Another mark Camden could live without

Posted: November 18, 2012

AHOMICIDE in Camden Friday morning was the 59th of the year, setting a one-year record for slayings in a city that has long struggled with violence.

Prosecutors said the killing occurred in the Fairview neighborhood, a relatively remote area that was once the most bucolic and among the most peaceful parts of the city.

Charles Nicholson, 44, was shot multiple times through the window of his car as he sat parked on a street not far from the Black Horse Pike, and was found dead when police arrived, authorities said. His death means that 2012 has surpassed 1995 as the year with the most slayings in city history.

If New Jersey, with 8.8 million people, had the same homicide rate over a full year, that would translate into more than 7,000 murders per year, or about 20 times as many as it has in a typical year.

Another cross will be planted in front of City Hall by a group of activists commemorating homicide victims there, another candle will be lit at a sad year-end traditional vigil.

With about 77,000 residents, Camden regularly ranks as one of the nation's poorest and most violent cities, even in years with relatively few homicides.

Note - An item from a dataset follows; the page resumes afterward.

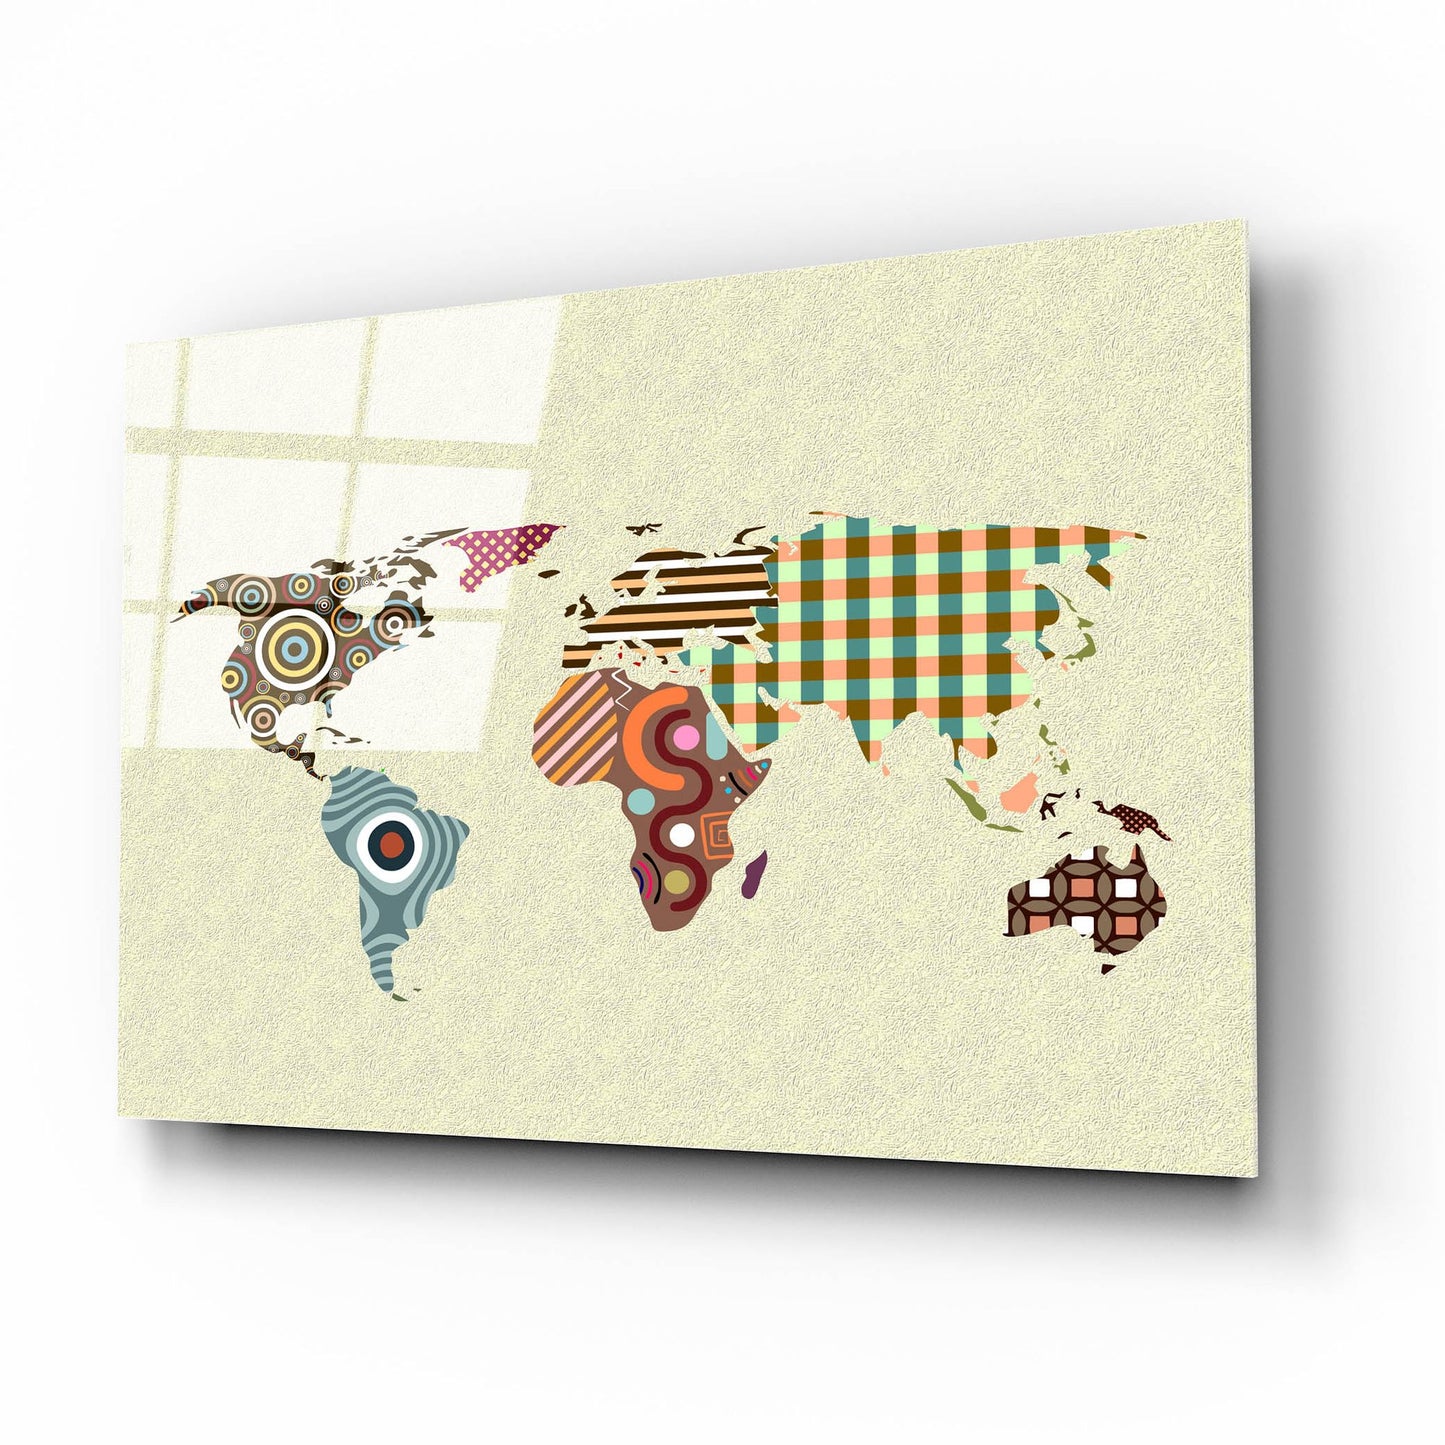 Epic Art 'World Map' by Lanre Adefioye, Acrylic Glass Wall Art,16x12

It's been a tough time in the business of policing the city. In January 2011, nearly half the police force was laid off in a budget crunch.

The Camden County government is now taking applications for a new police force it's forming to replace the city's department. The new force is expected to have lower per-officer expenses because more officers will start at the low end of the pay scale and old contractual obligations such as shift differentials can be avoided.